**BRIEF**
Leave out every picture, and output exactly the lines from the line containing "17 i det sjätte" through the last line of the data.

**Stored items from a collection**

──────────

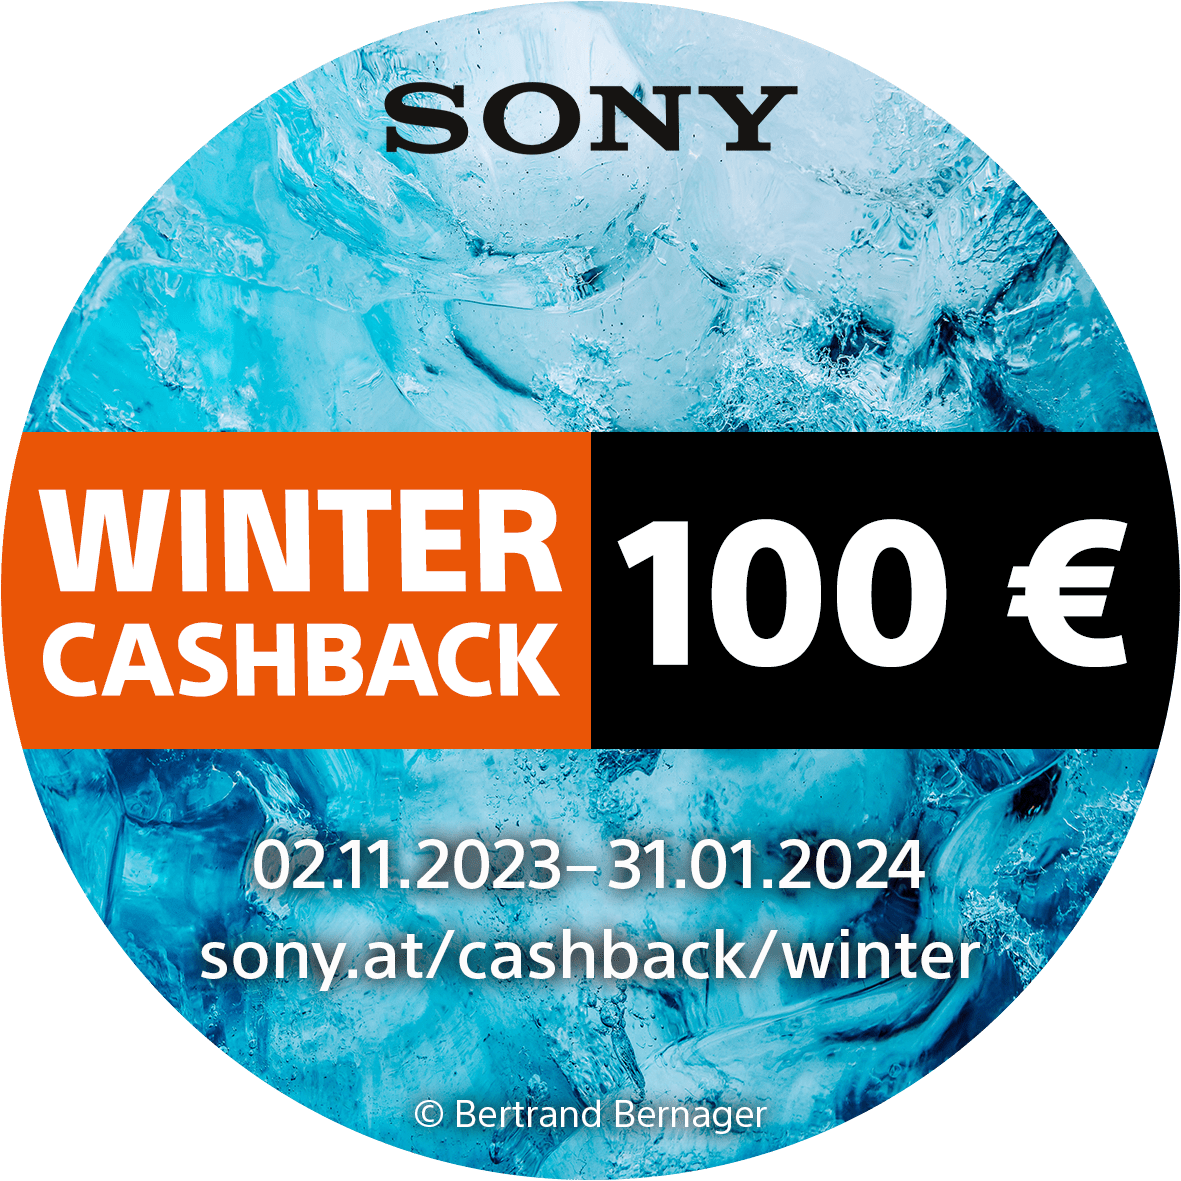 Sony_Winter_Cashback_02112023_bis_31012024_100
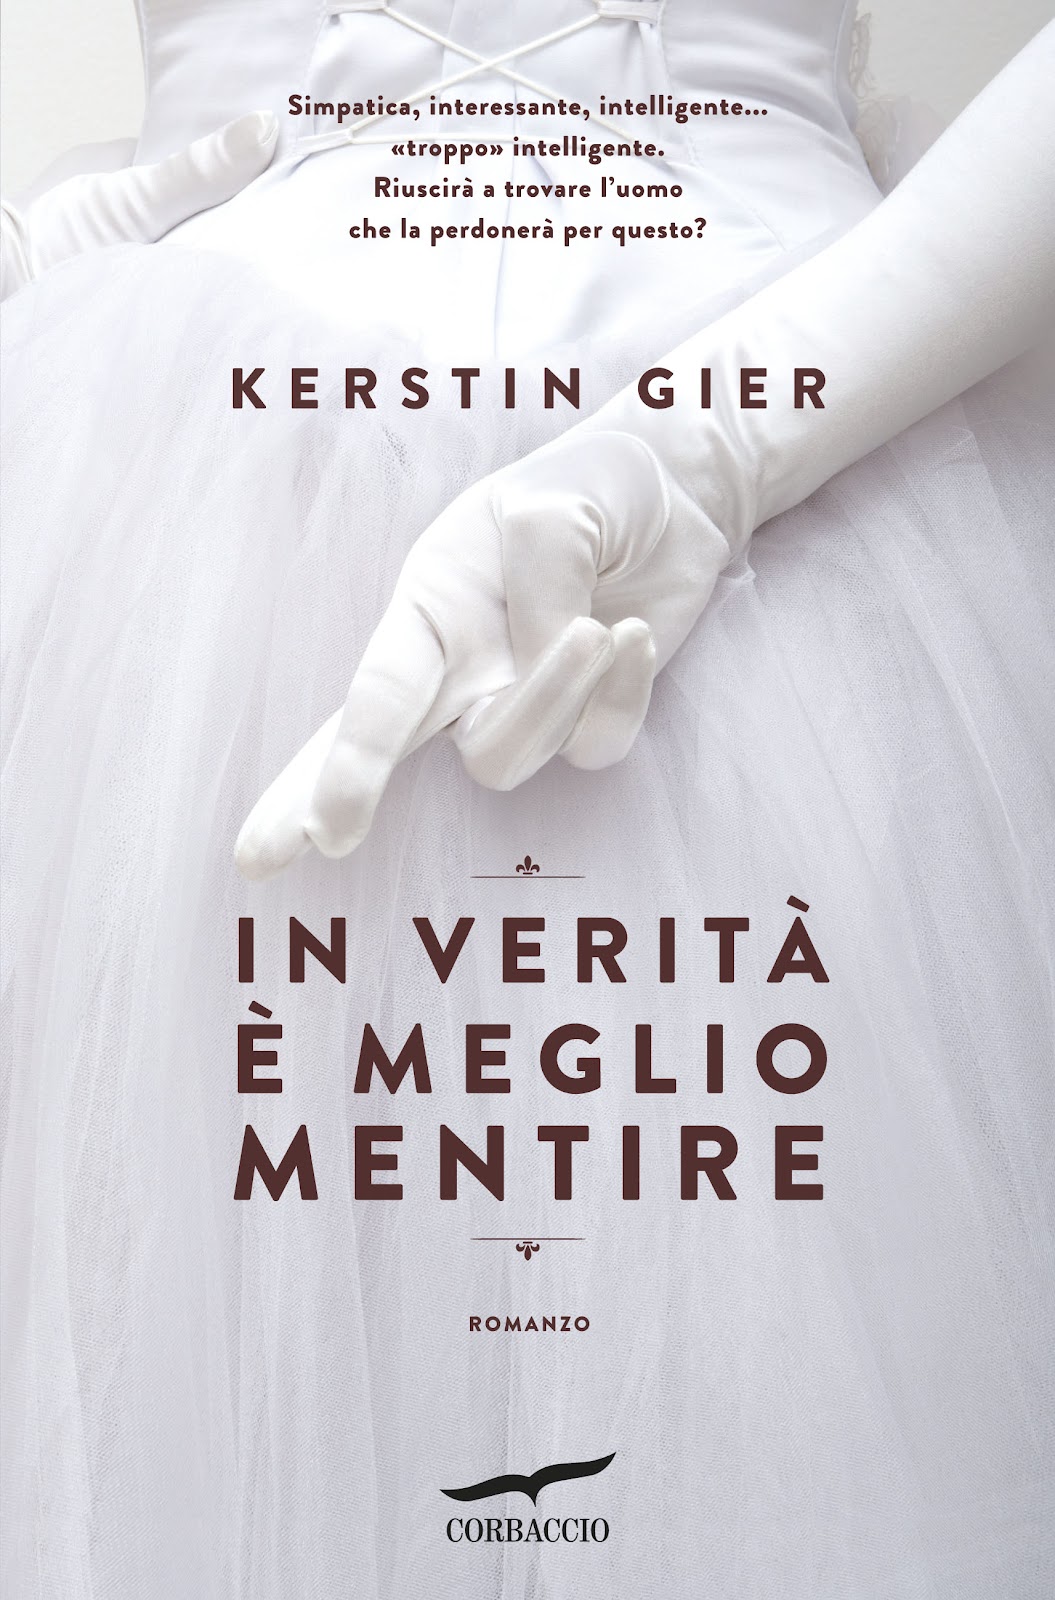 In verità è meglio mentire di Kerstin Gier, un romanzo al femminile carico di ironia
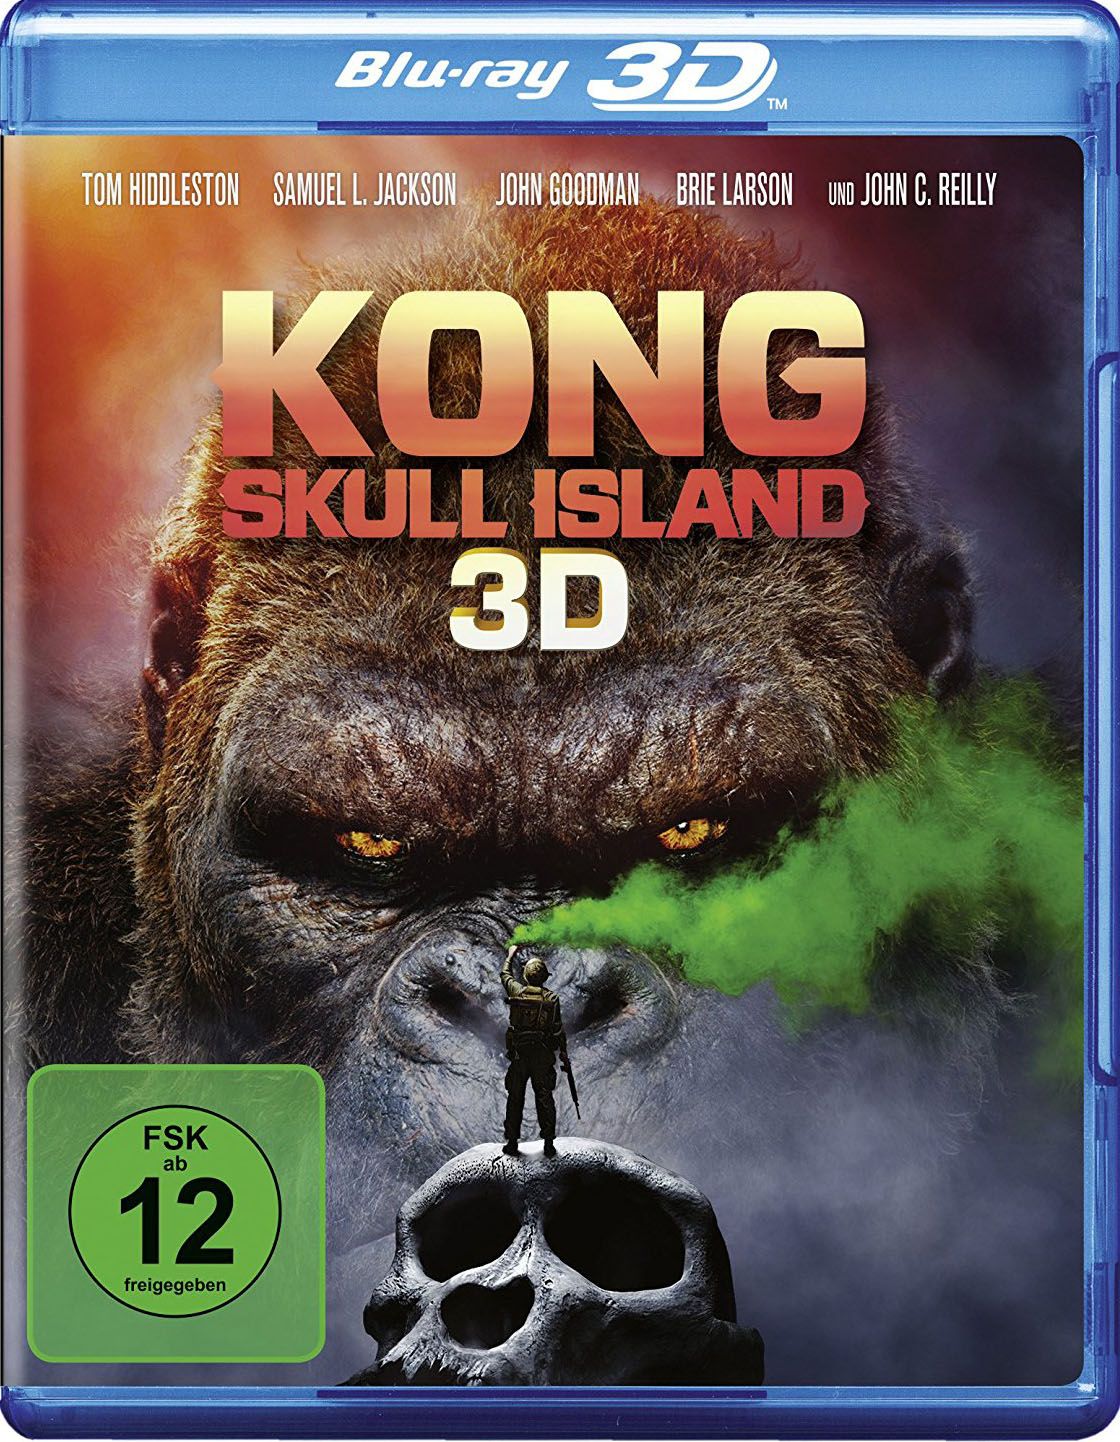 Kong: Skull Island 3D (BLURAY 3D)
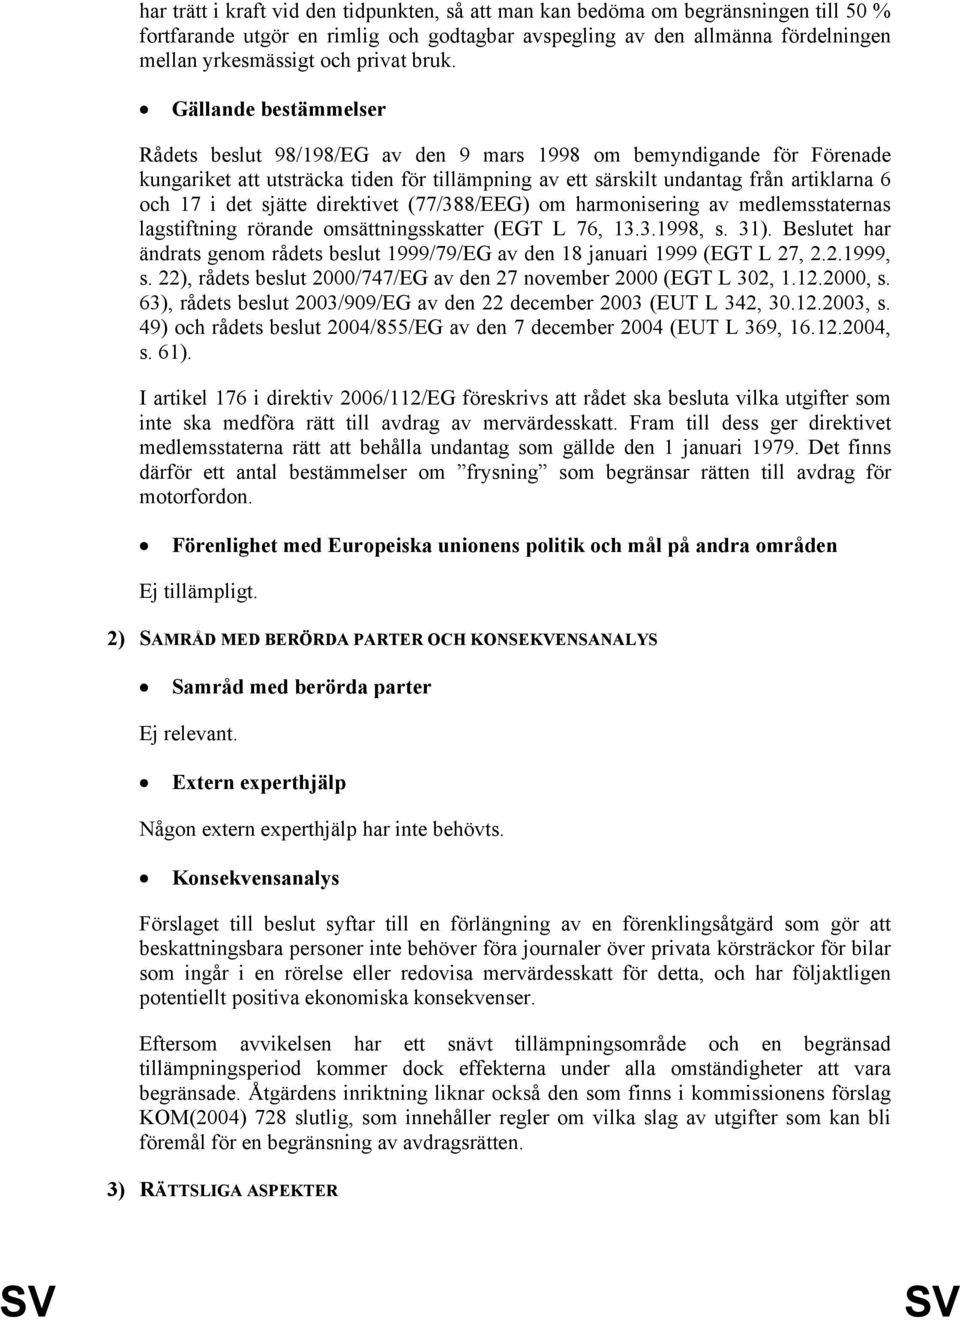 17 i det sjätte direktivet (77/388/EEG) om harmonisering av medlemsstaternas lagstiftning rörande omsättningsskatter (EGT L 76, 13.3.1998, s. 31).
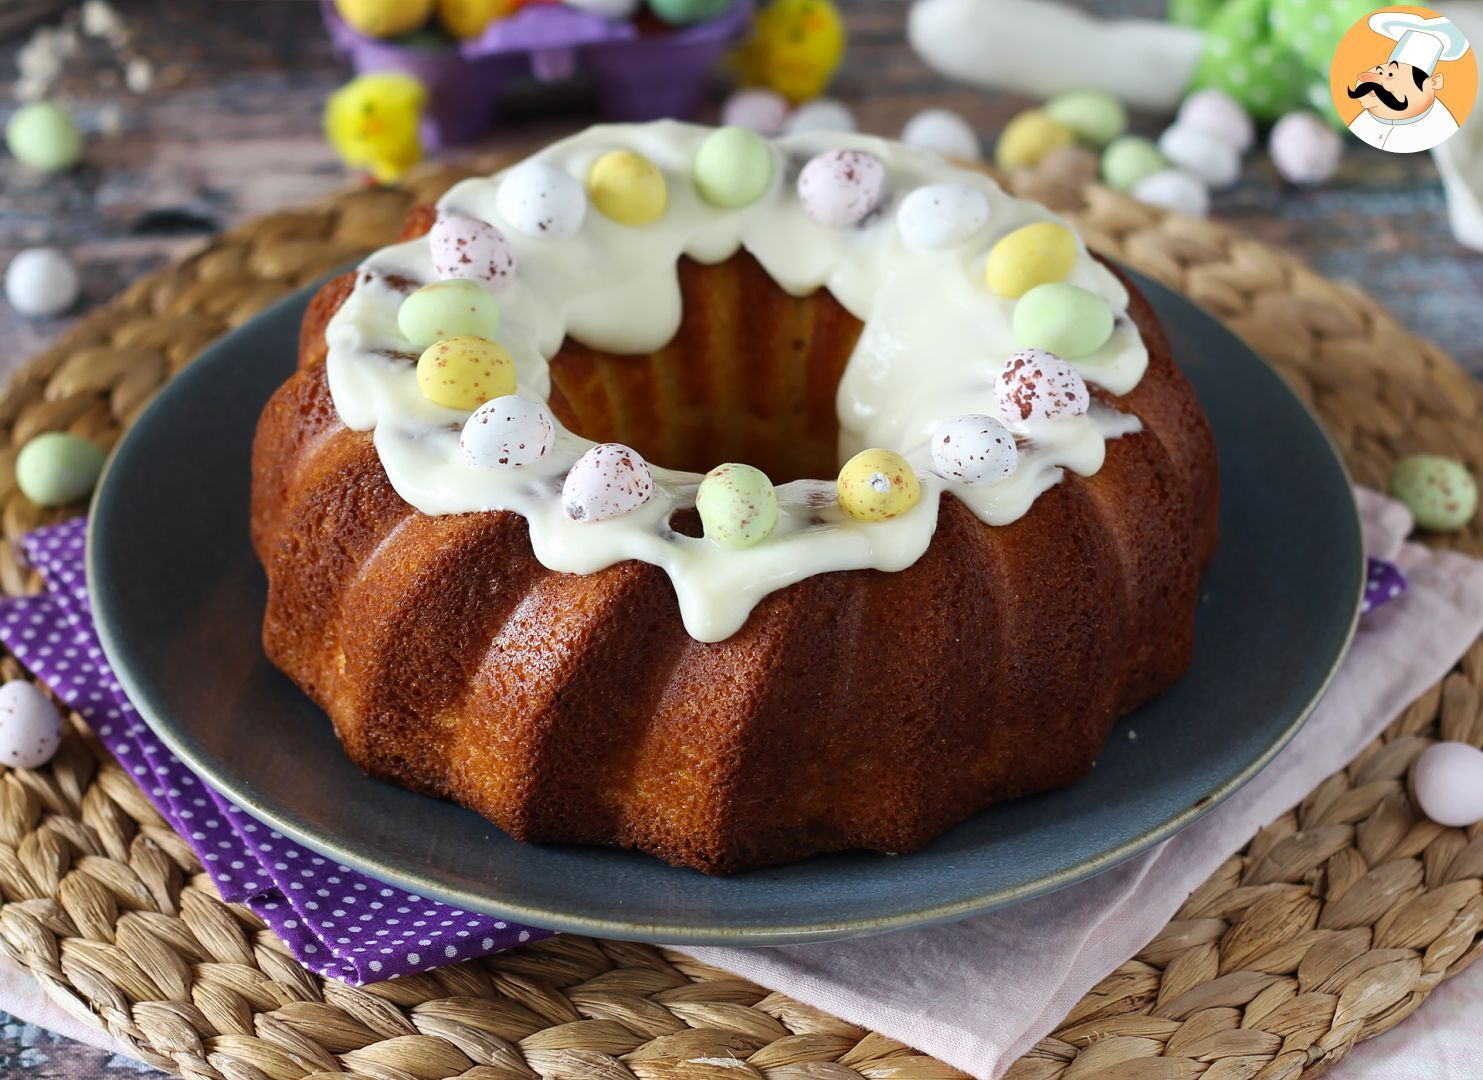 How to Make an Easter Lemon Bundt Cake! - YouTube

──────────

**ANSWER**
 17 i det sjätte direktivet (77/388/EEG) om harmonisering av medlemsstaternas lagstiftning rörande omsättningsskatter (EGT L 76, 13.3.1998, s. 31).
 How to Make an Easter Lemon Bundt Cake! - YouTube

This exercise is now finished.